As we’ve sheltered in place over the past month, I’ve noticed more birds — owls and cranes that keep their distance, chickadees and cardinals that congregate at our backyard feeder. It’s as if they’re making special appearances to bolster our spirits, though logically I know that’s not the case. We’re the ones who have radically changed our behavior, forced to stand still as the rest of the earth’s creatures go on without us.

“When will this be over?” we scream, a growing chorus of grief that has no answer yet.

Cardinal Ginarich

It does not matter how diligently I scour the news, how many times I refresh Twitter or which experts I follow. No one knows when schools, businesses and playgrounds will reopen. No one can reliably predict when it will be safe to travel or to hug our extended family again. No one can say when an effective treatment or vaccine will be widely available.

Our devices buzz with constant updates, tantalizing us with false hope. We read that the curve is flattening (or maybe it’s not), that infections have peaked (but another peak is likely coming) and that social distancing efforts are helping (but not enough to eradicate the virus). The certainty we crave remains, for now, elusive.

We don’t know when this will be over. We don’t even know when we might know.

And yet, beneath the din of chaos and anxiety, I do know this: In a few weeks, geese will begin leading their goslings in practice swims around the neighborhood pond. From our porches and kitchen windows, we’ll watch the little birds gain confidence, their world growing bigger while ours continues to shrink and contract upon itself.

As temperatures shift from frigid to crisp, robins will grow plump with the bounty of late spring worms, oblivious to the economic collapse and job losses that will reverberate in communities for years to come. Mama ducks will nest on clutches of pale green eggs, not knowing that their human counterparts are navigating the new reality of giving birth in the midst of a pandemic.

I envy the birds’ freedom.

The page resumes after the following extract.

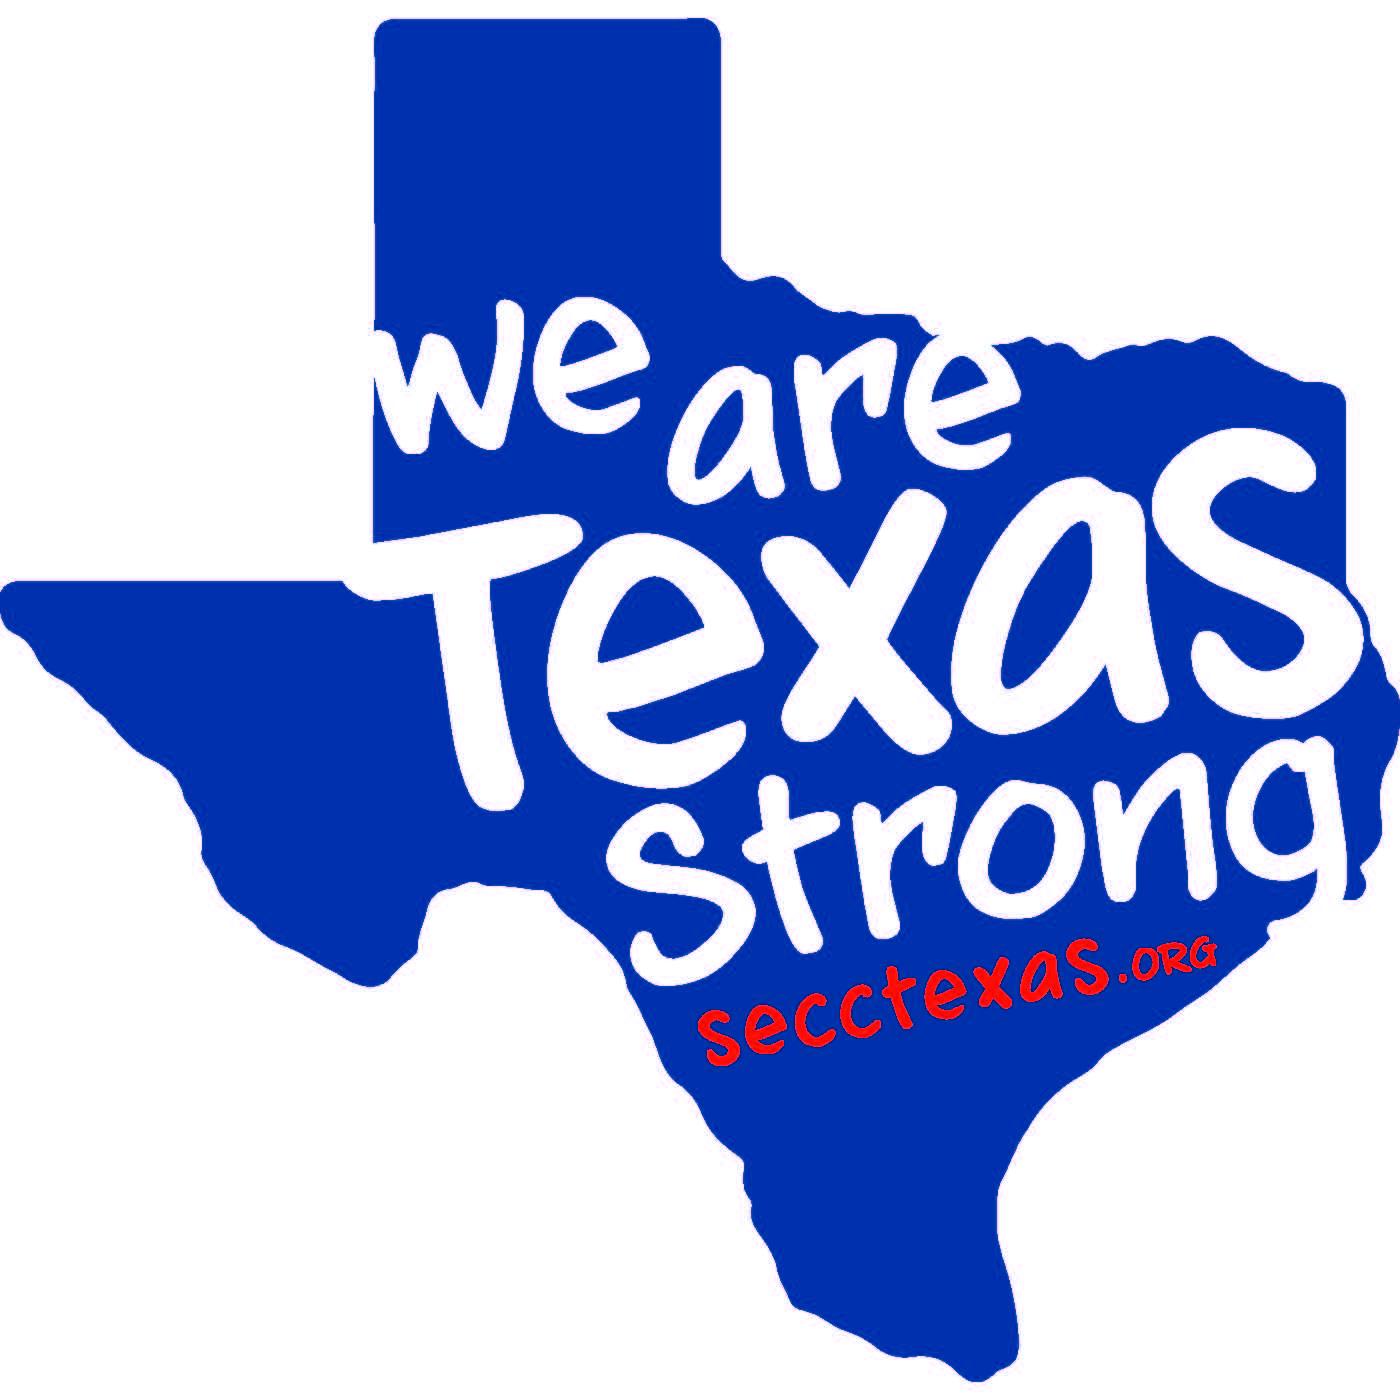 SECC Texas 2018

Their ability to come and go on a whim is a privilege I took for granted. Their blithe meanderings are a refreshing contrast to the shelter-in-place orders and closures that threaten to crush us with despair. Their ignorance to the trauma unfolding around them is oddly comforting, an antidote to our misery.

The birds are a thread of normalcy I can grasp, a reminder of what will remain even after our world is permanently changed, fractured in ways we won’t be able to repair.  

It’s the middle of April when our governor announces the Safer at Home order will be extended until the end of May. I’m out running, wondering whether that timeline will change once again, when I hear a cardinal singing in a tree. He is stunning, a ruby red jewel against a stagnant, gray sky.

The sight disrupts my brain’s background soundtrack of what-ifs. And, for a moment, over the rumble of the few cars on the road and the distant roar of a solitary lawnmower, his sweet trills pierce the air.


Gina Rich lives in Mequon, Wisconsin, with her husband, Kevin Rich ’00, and their two daughters. She talks about motherhood in her blog lovehopeandcoffee.com.